Immobilized Nup475 protein was used to select its optimal binding site
by RNA SELEX and revealed a strong preference for the extended sequence UUAUUUAUU, rather than a simple AUUUA motif. These findings were confirmed by site-directed mutagenesis of the tumor necrosis factor ARE
and RNA gel shifts on c-fos, interferon- Regulation of eukaryotic messenger RNA stability is an important
factor in controlling gene expression (1). The AU-rich element
(ARE)1 is a critical
regulatory motif in the 3' untranslated regions of many cytokine and
protooncogene mRNAs, a target for proteins that bind and alter RNA
kinetics. Although there has been some debate regarding the optimal
sequence length for the ARE (5 versus 9 base pairs) (2, 3),
these sites are a target for an increasing number of RNA-binding
proteins that serve either to stabilize or destabilize the messenger
RNAs containing these elements.
Nup475 was originally cloned as part of an early G1 genetic
program of mRNA expression in response to serum and mitogenic growth factors (4), co-expressed with the protooncogenes
c-fos, c-jun, and c-myc (4, 5). Also
known as tristetraprolin (6) (and TIS11 (7)), this protein is an
important regulator of tumor necrosis factor expression in macrophages
(8). A targeted deletion of the murine gene created a syndrome of tumor
necrosis factor overload due to increased TNF mRNA stability (9).

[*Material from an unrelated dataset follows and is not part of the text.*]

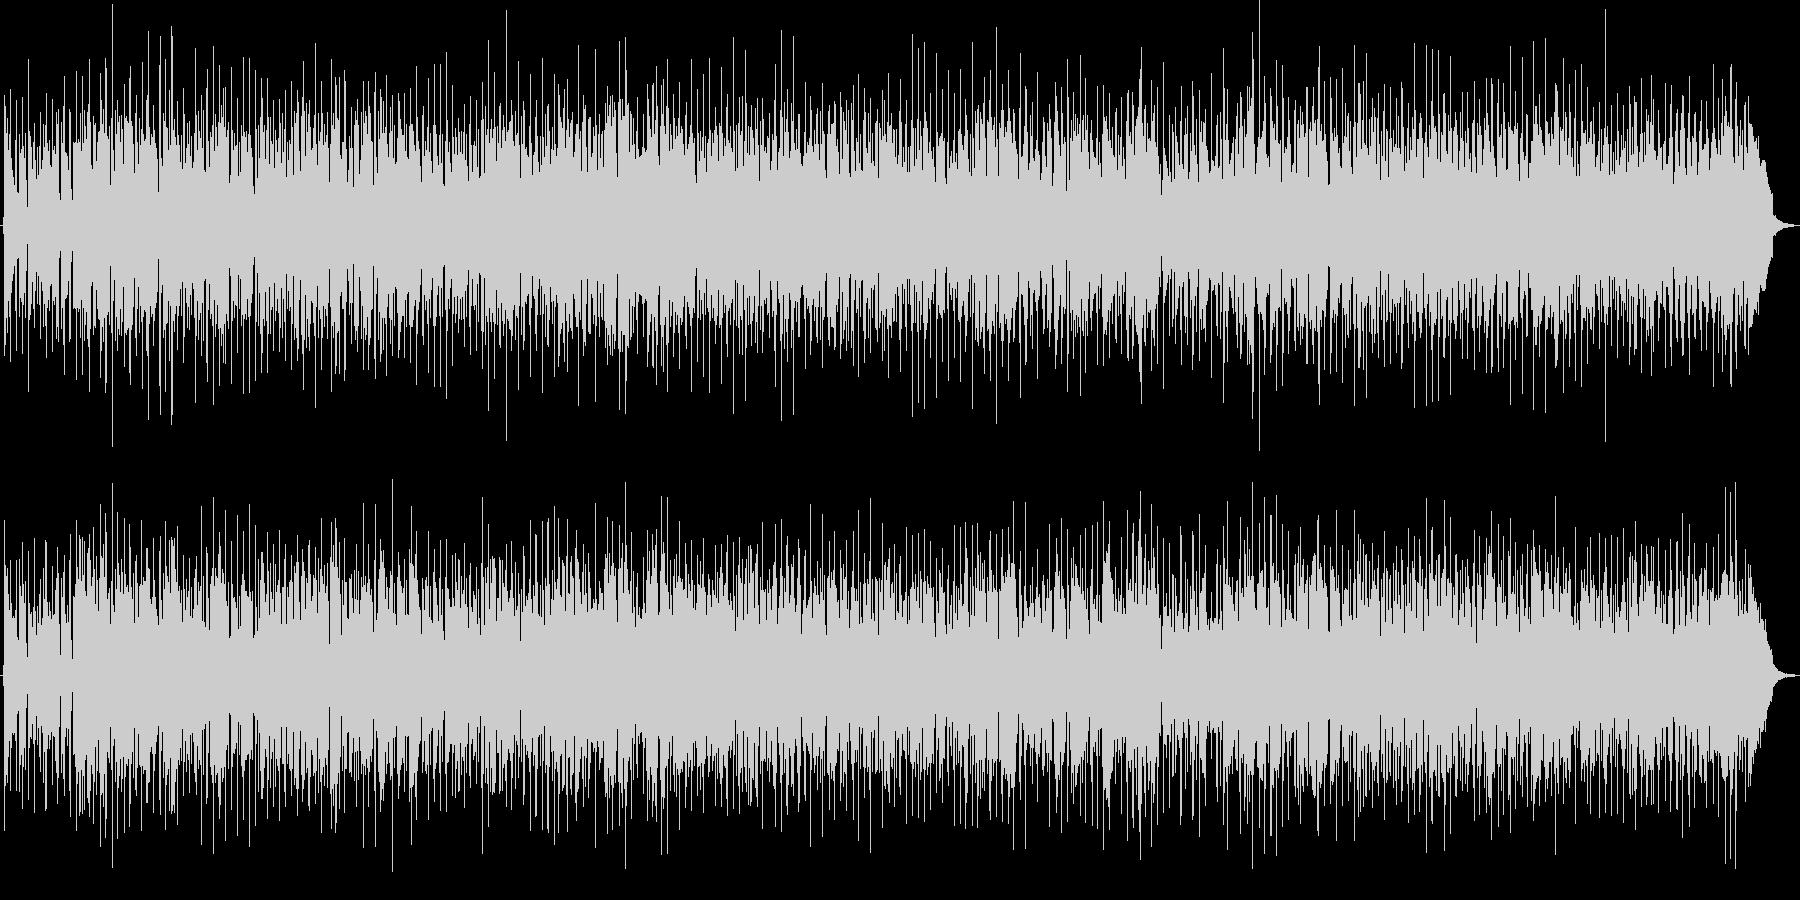 ほのぼのしたポップスBGMの未再生の波形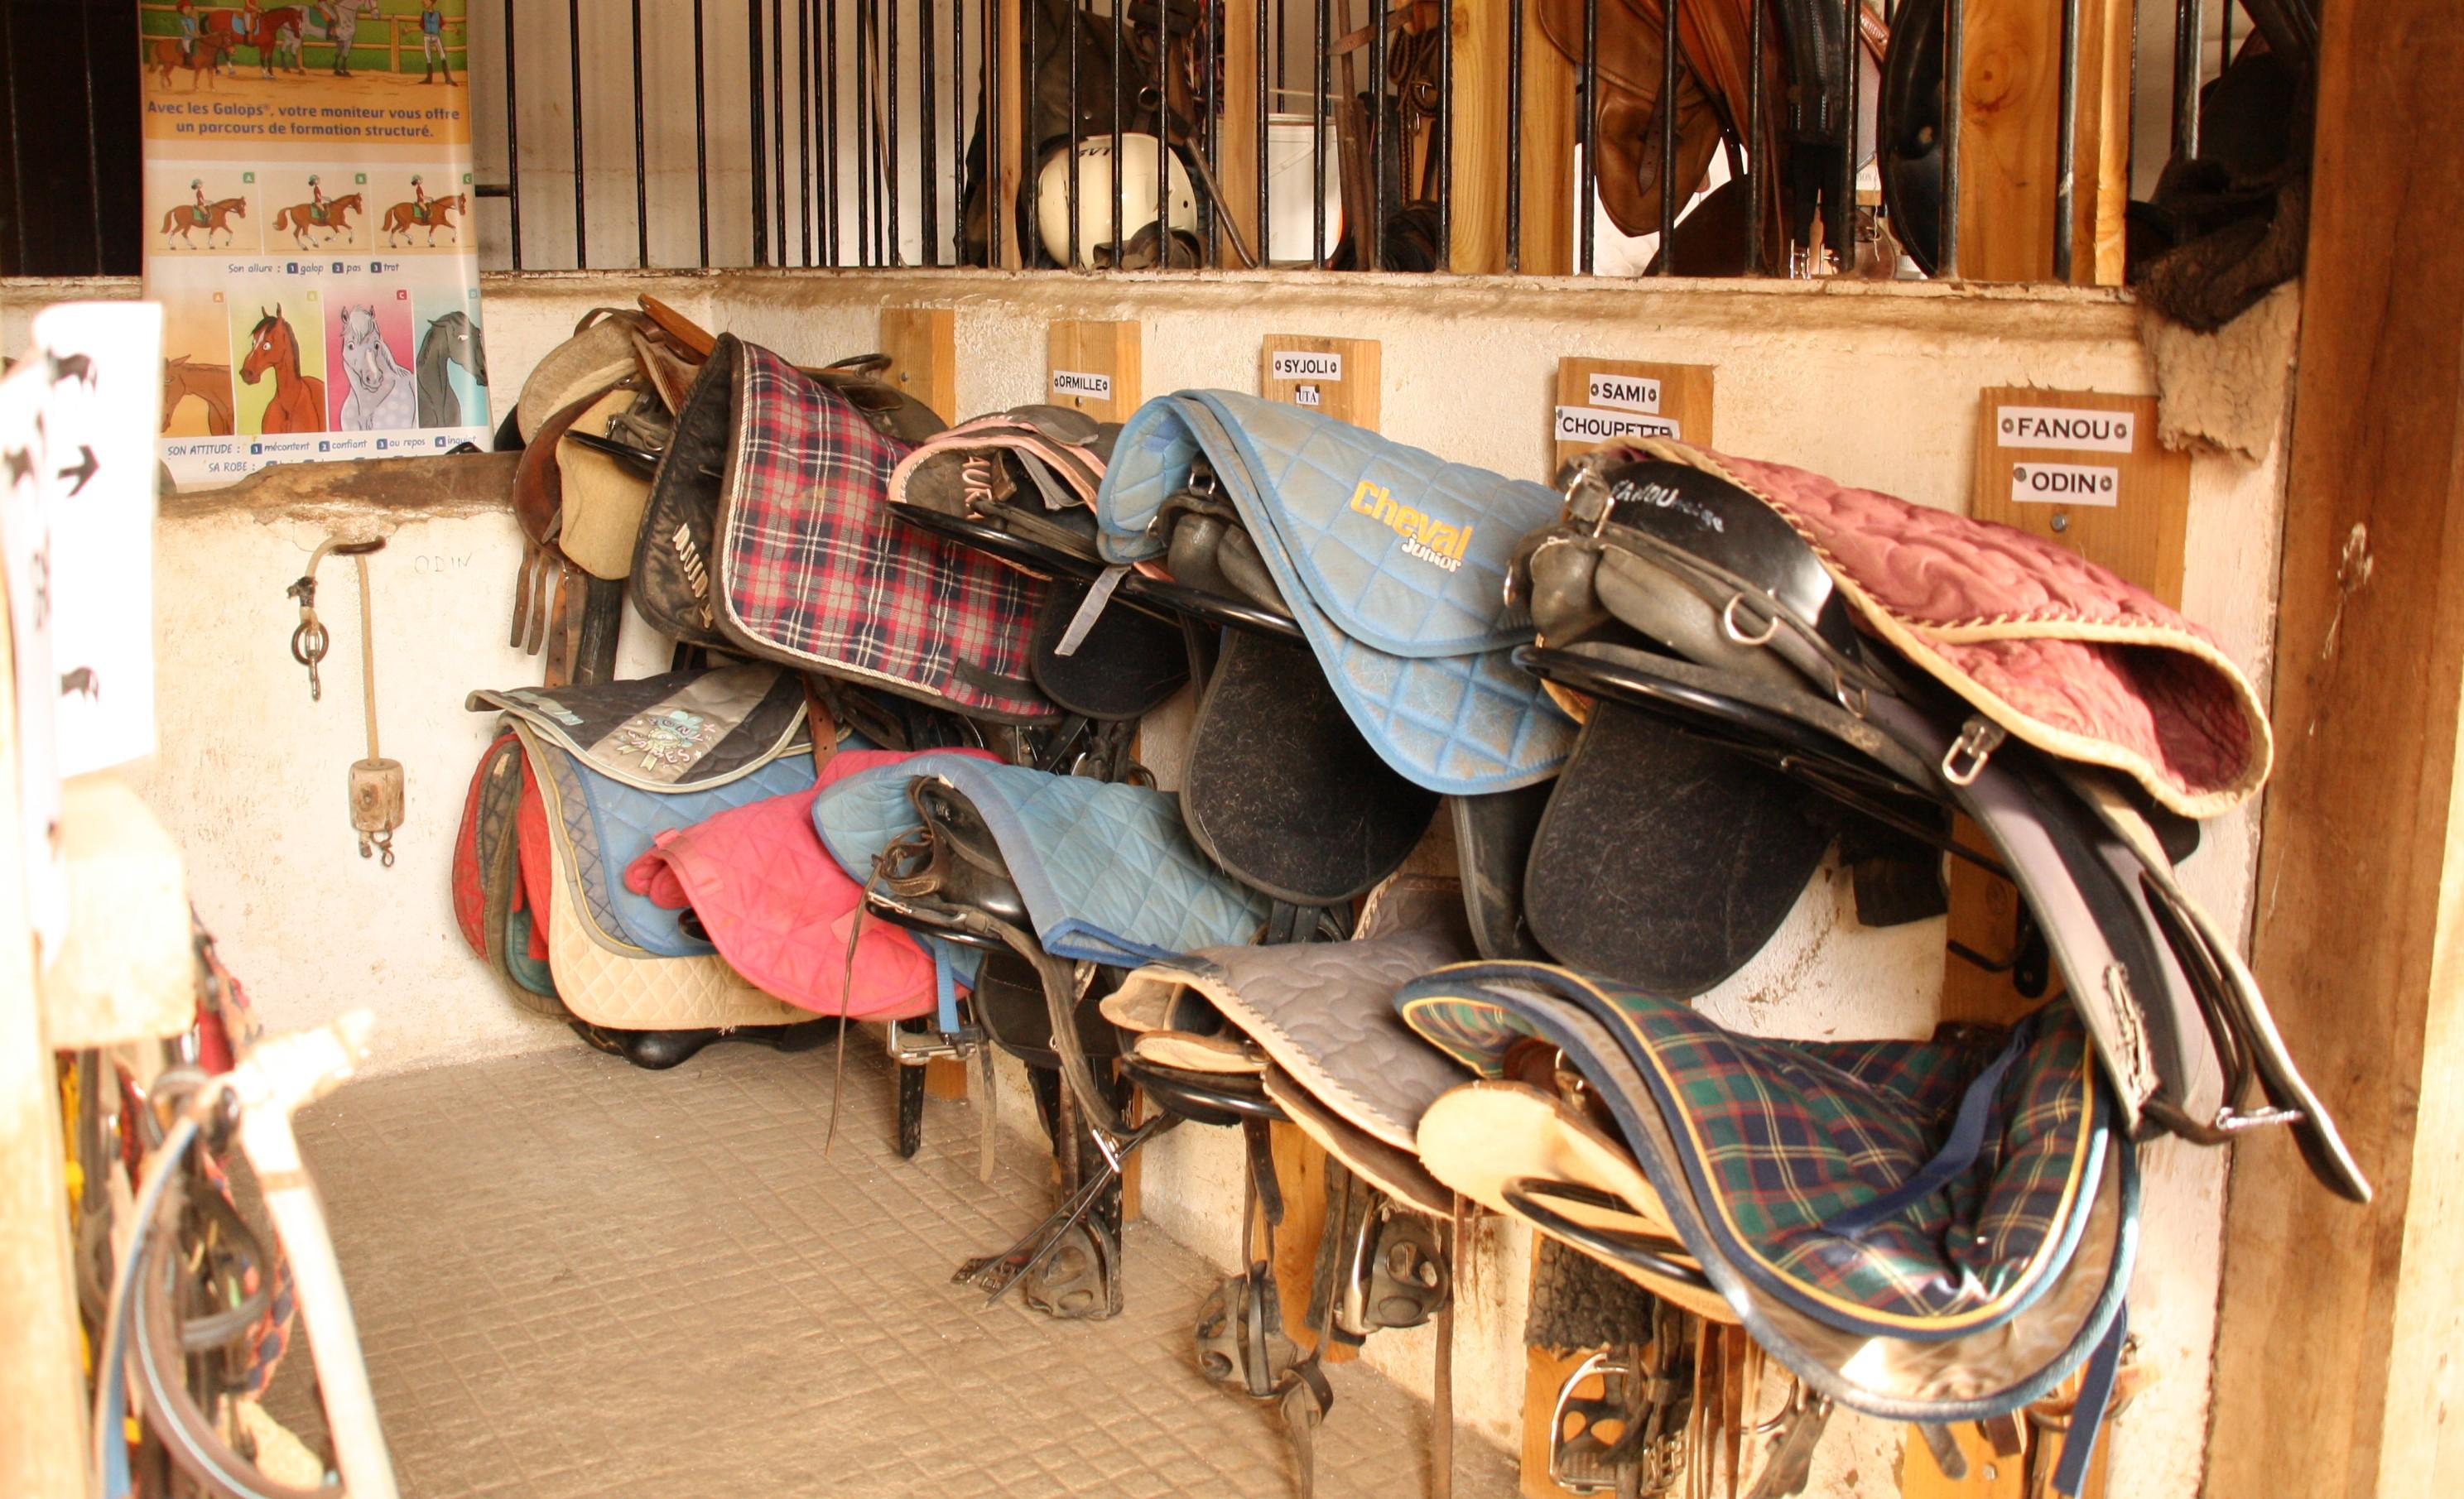 Ecuries de Seuzac sellerie shetland

The TNF destabilizing activity was mapped to the two
Cys3His domains in transfection and immunoprecipitation
experiments (10). The Cys3His domain is a zinc-binding
domain in a different structural family from the zinc finger, although
both domains require a coordinated zinc metal for stability (11).
Forced overexpression of this cDNA or other family members (TIS11b,
TIS11d) with closely conserved Cys3His domains leads to
apoptotic death of fibroblasts (12).
To determine the specificity of Nup475 in AU-rich element regulation,
we pursued an analysis of the Nup475/TIS11/tristetraprolin protein-RNA
interaction using recombinant protein. Published reports have relied
upon cell lines and immunoprecipitation to map the protein's RNA
target to a TNF fragment containing the AU-rich element (10) but have
not permitted a high resolution analysis of the protein's optimal
binding site. Although Escherichia coli-expressed protein
has been used in phosphorylation studies, we are unaware of any study
successfully using recombinant protein in studies of RNA binding. A
report questioning whether the protein requires an RNA target sequence
more extensive than a minimal ARE or requires phosphorylation for RNA
binding underscores the need to recover unmodified protein in quantity
so that these and other questions can be specifically addressed
(13).
In this manuscript, a system for high level E. coli
expression of Nup475 permitted characterization of the RNA binding
properties of this protein and identification of the consensus Nup475
binding site from a random RNA pool.
E. coli Protein Expression and Purification--
An in-frame
fusion of Nup475 and pGEX4T-1 (Amersham Biosciences) was created
by subcloning from a plasmid that contains Nup475 cDNA between
flanking NotI sites, creating GST-Nup475. The details of
this subcloning are available upon request. Plasmid pREP4-GroESL was
kindly provided by Martin Steiger (Hoffman-La Roche). All large scale
plasmid preparations were performed using the Qiagen Maxiprep kit.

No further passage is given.